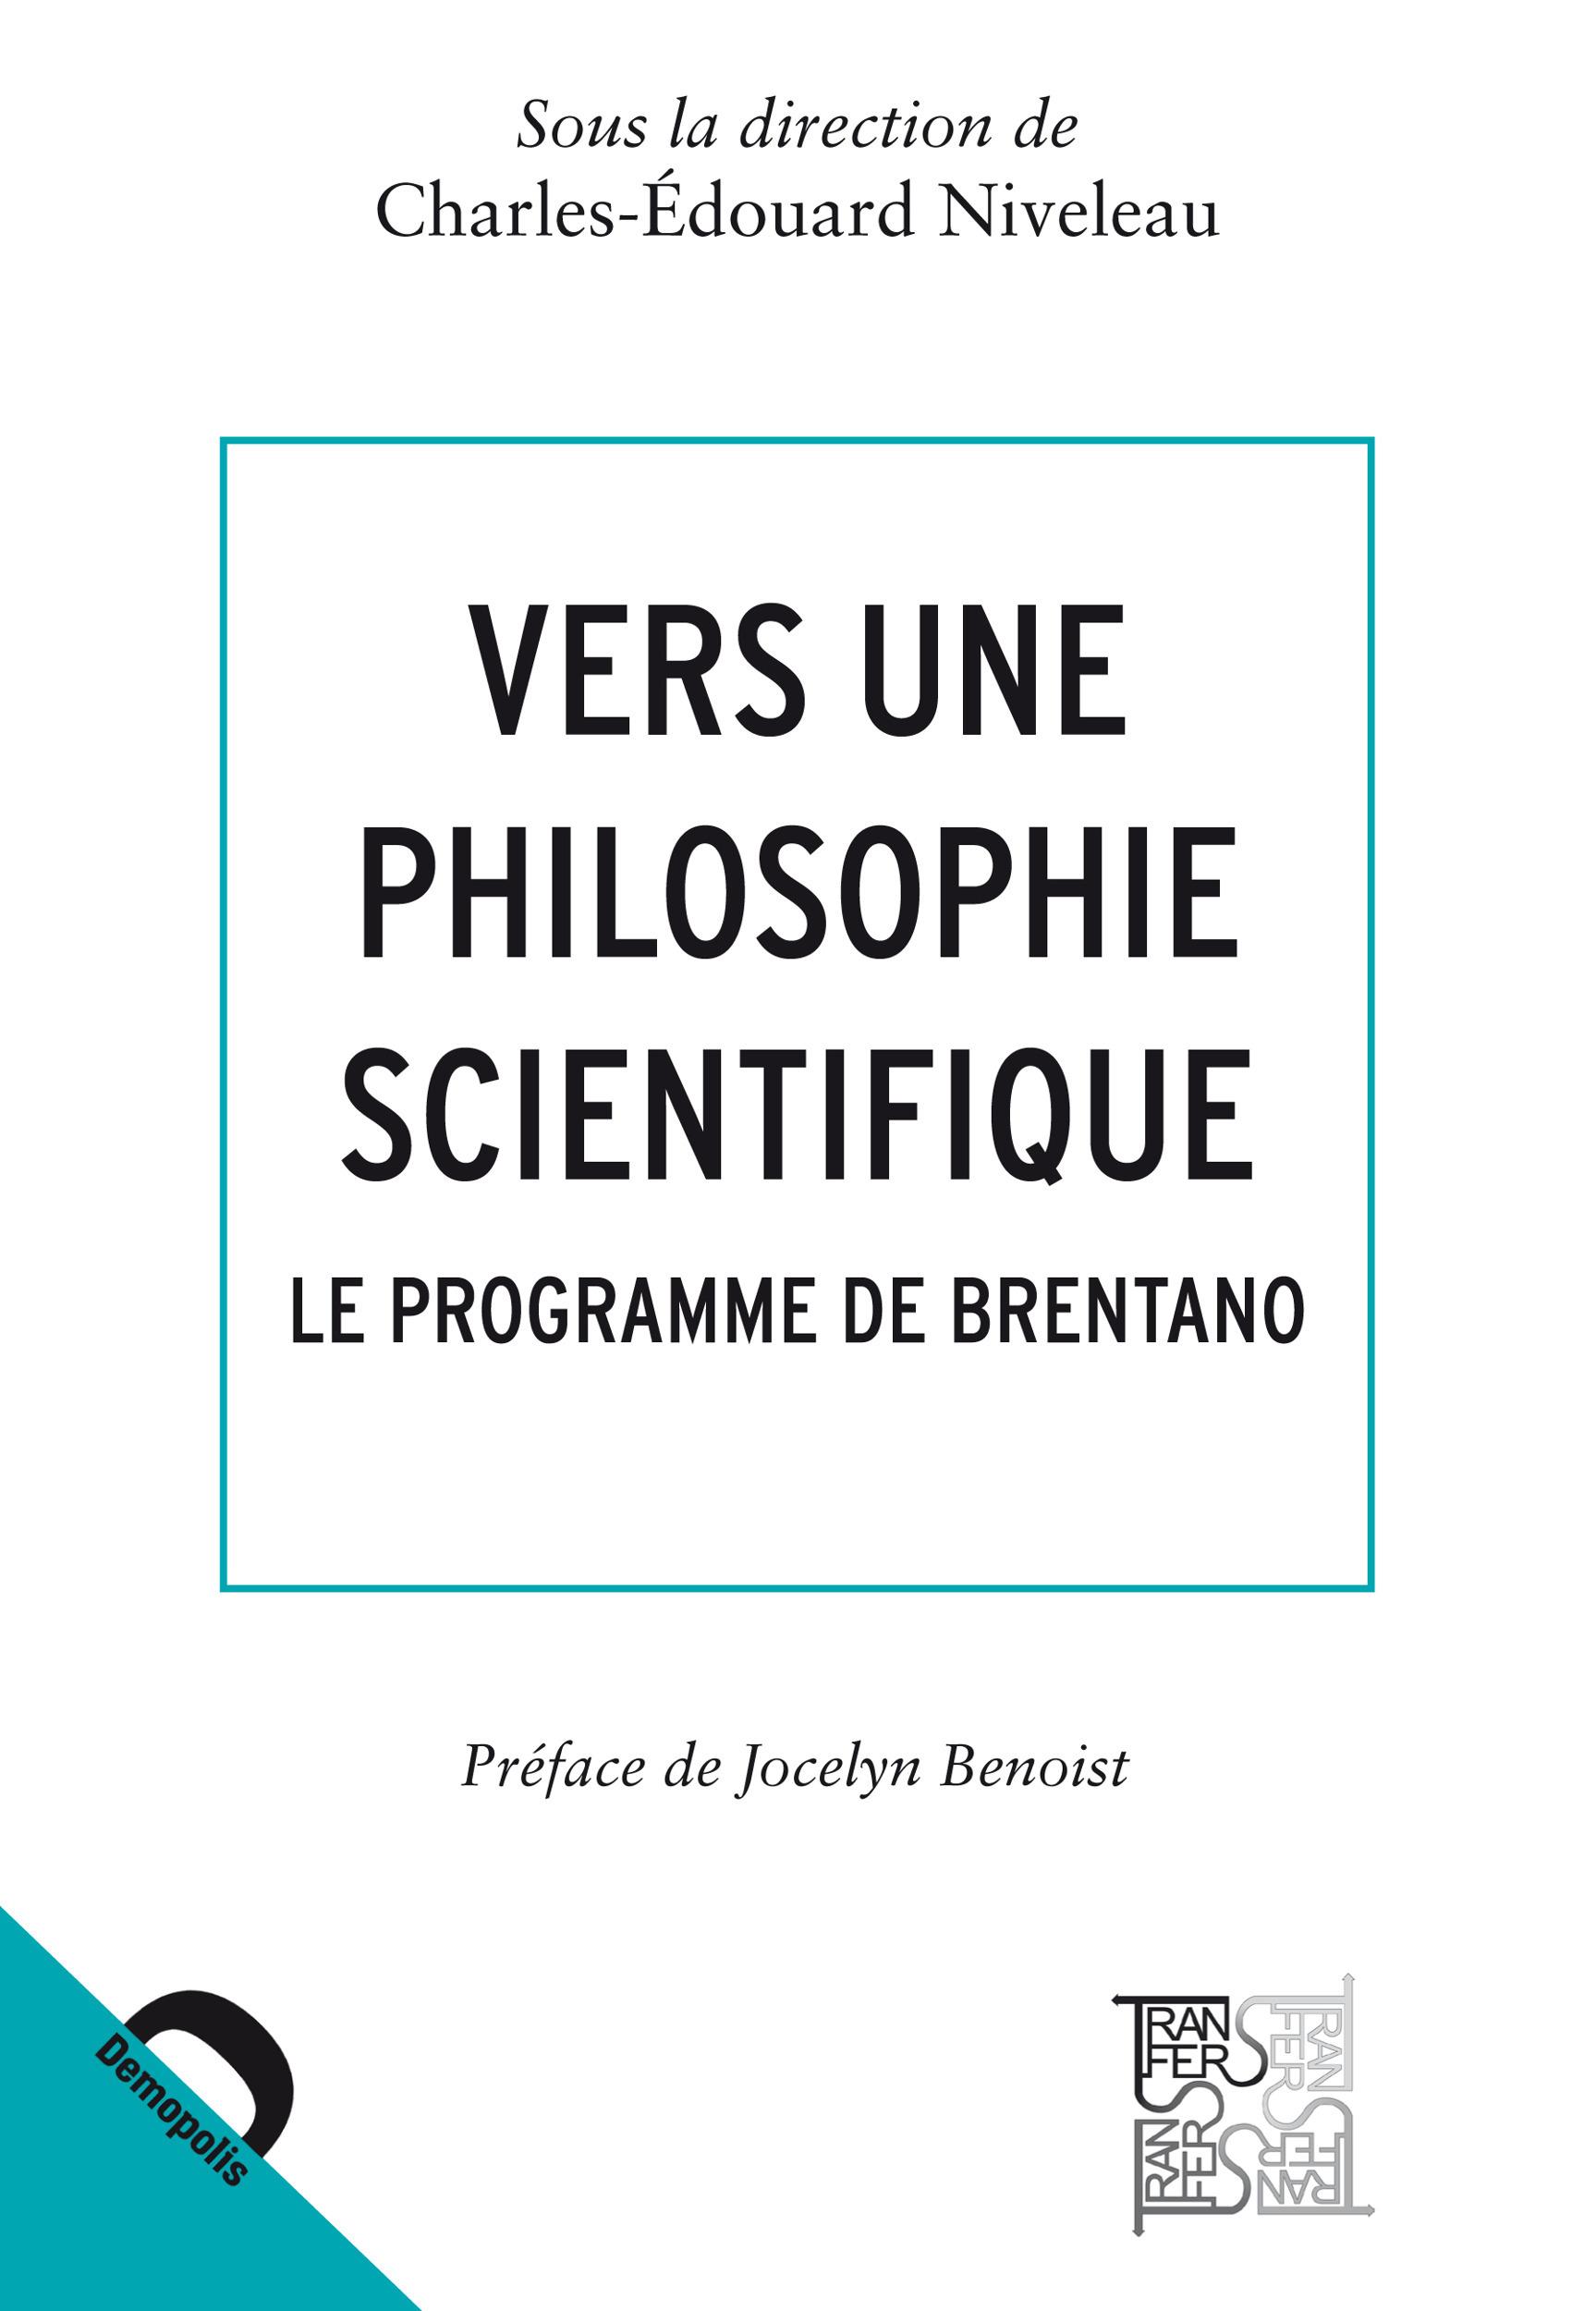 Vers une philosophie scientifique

______

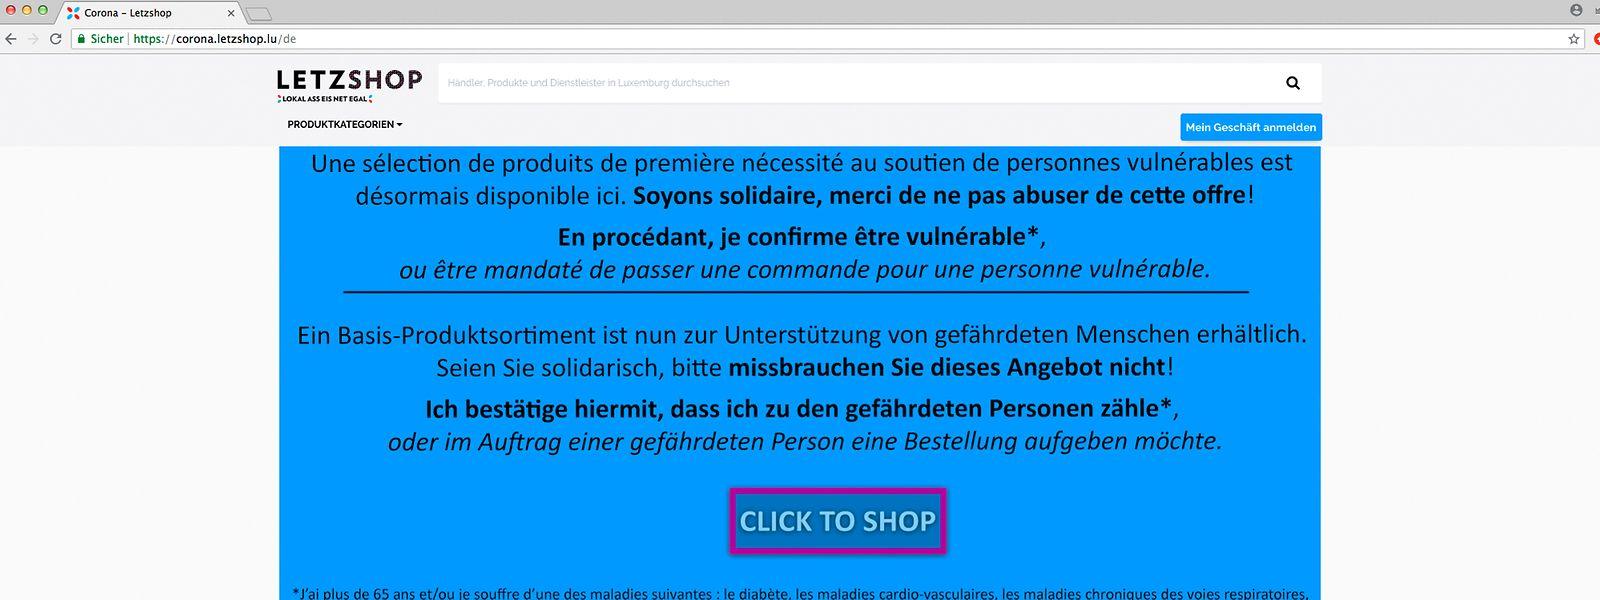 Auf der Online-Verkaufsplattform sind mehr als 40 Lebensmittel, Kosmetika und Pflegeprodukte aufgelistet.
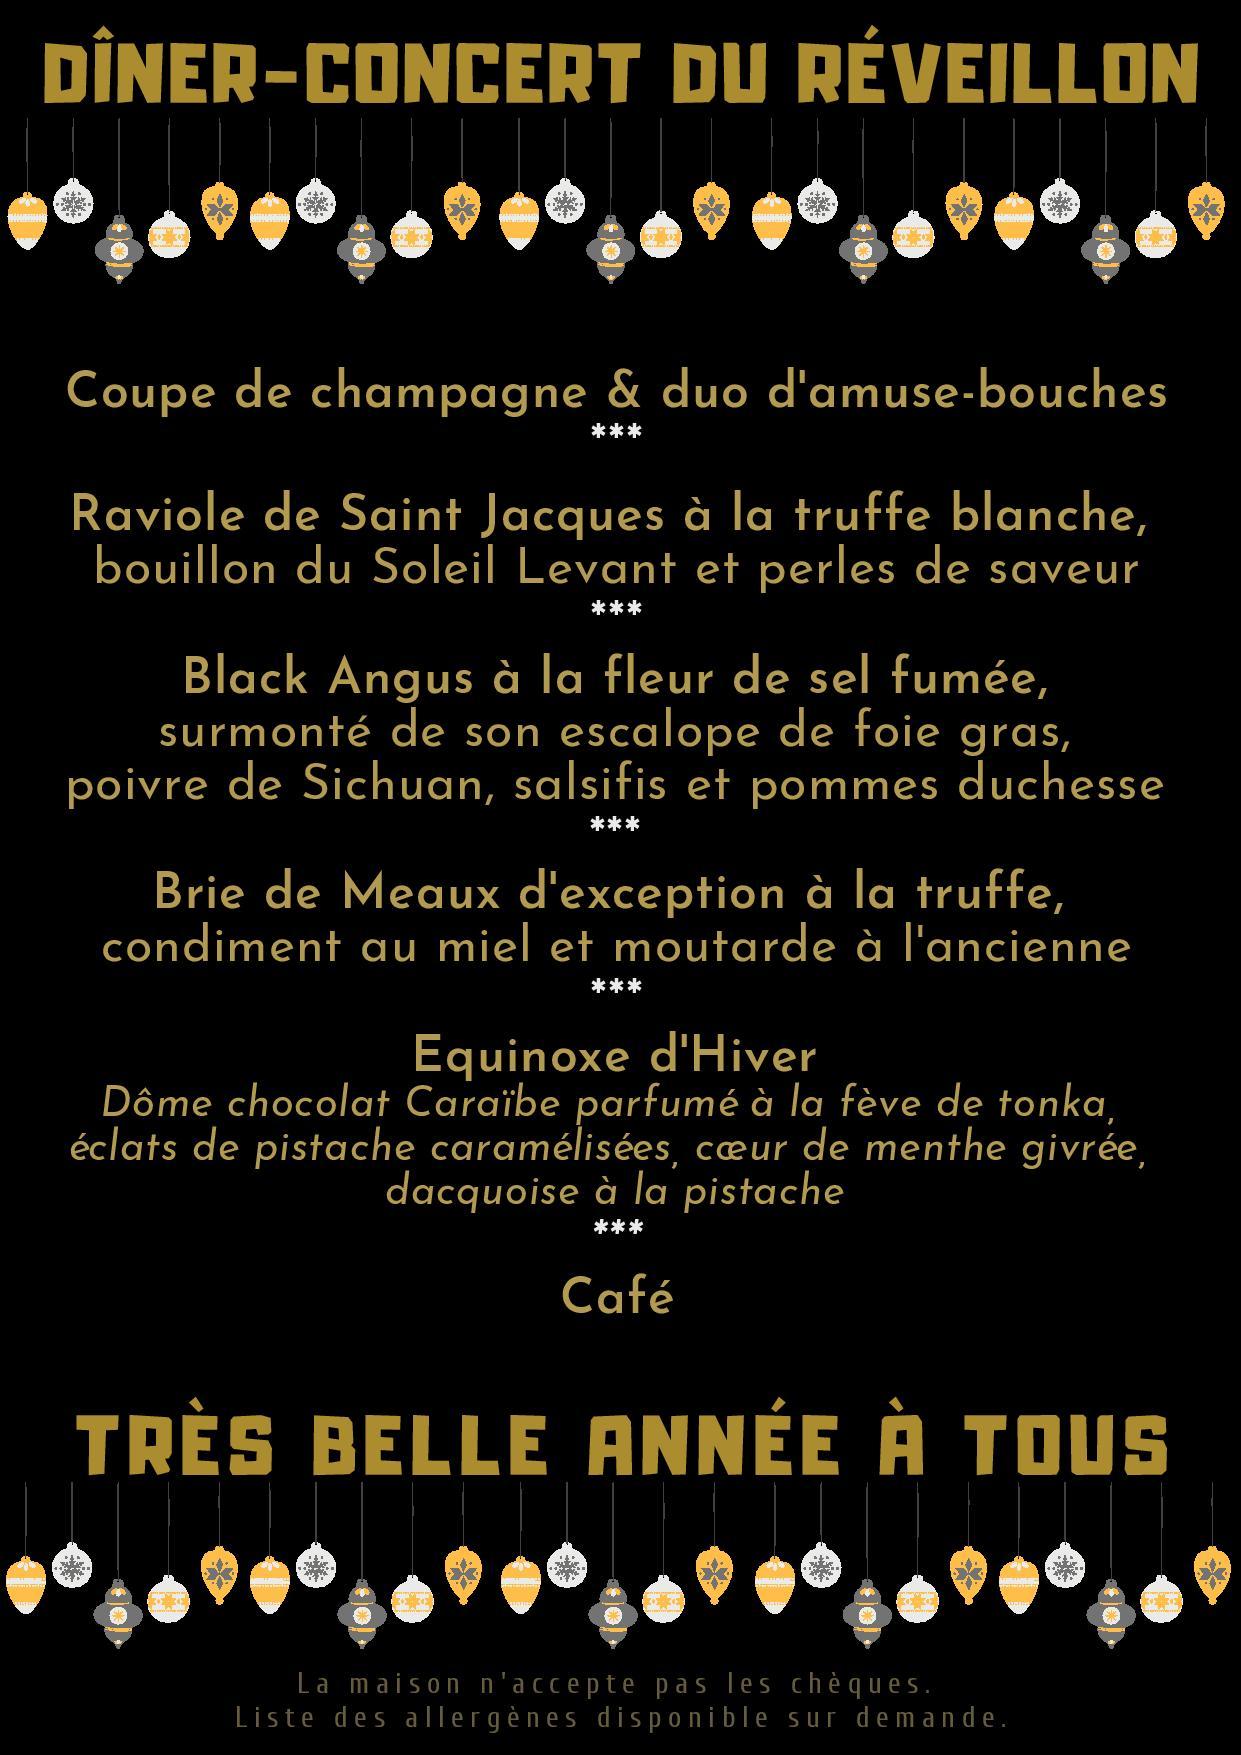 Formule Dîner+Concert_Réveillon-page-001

______

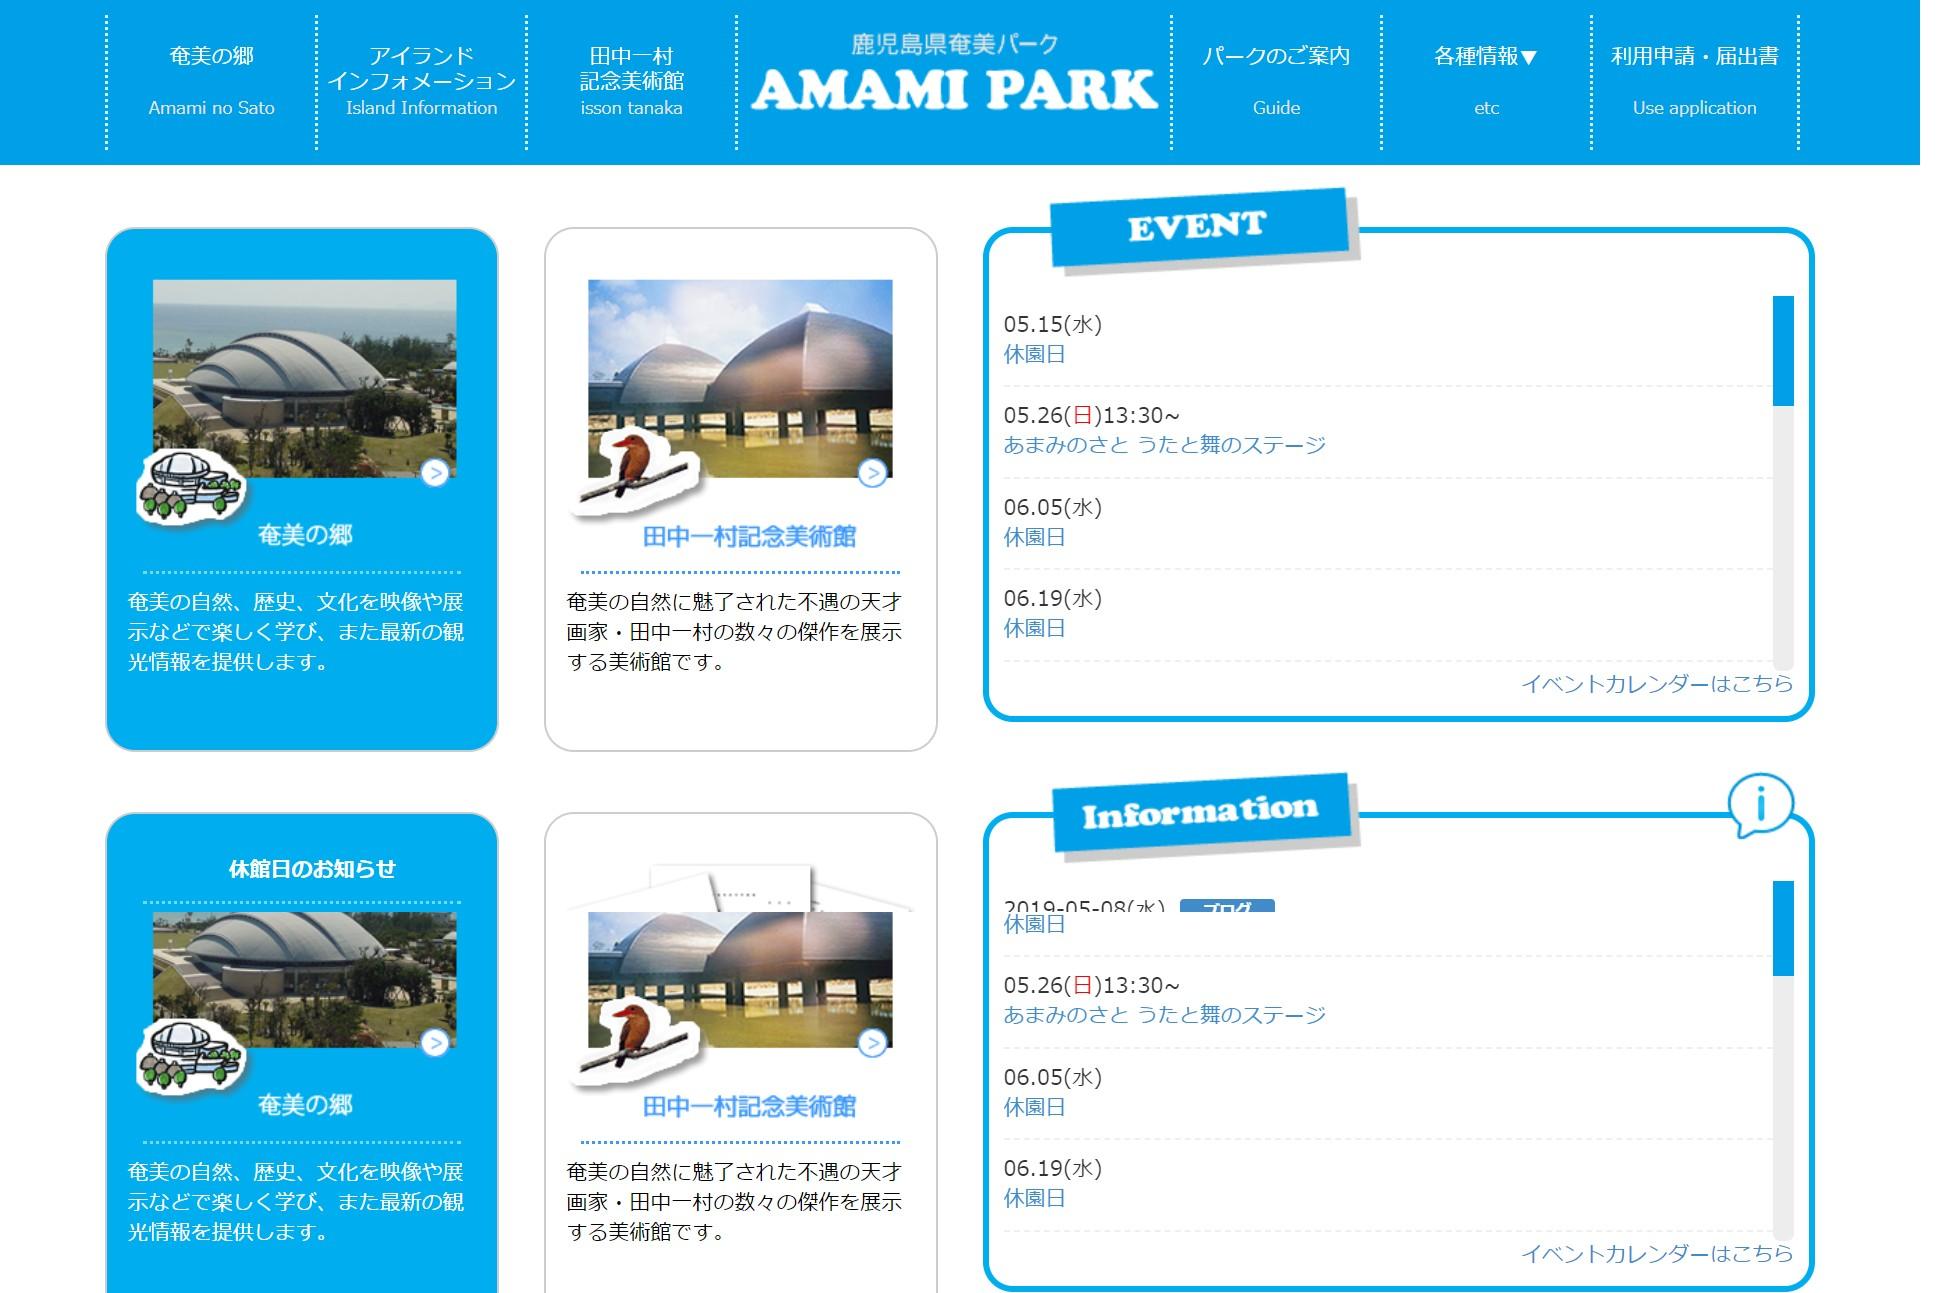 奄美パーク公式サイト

______

* **What you are asked to do**
Within the listing above, the lines from the one with "Auf der Online-Verkaufsplattform" through the one with "Formule Dîner+" are to be given again word for word. Do not include pictures.

* **Answer for this exercise**
 Auf der Online-Verkaufsplattform sind mehr als 40 Lebensmittel, Kosmetika und Pflegeprodukte aufgelistet.
 Formule Dîner+Concert_Réveillon-page-001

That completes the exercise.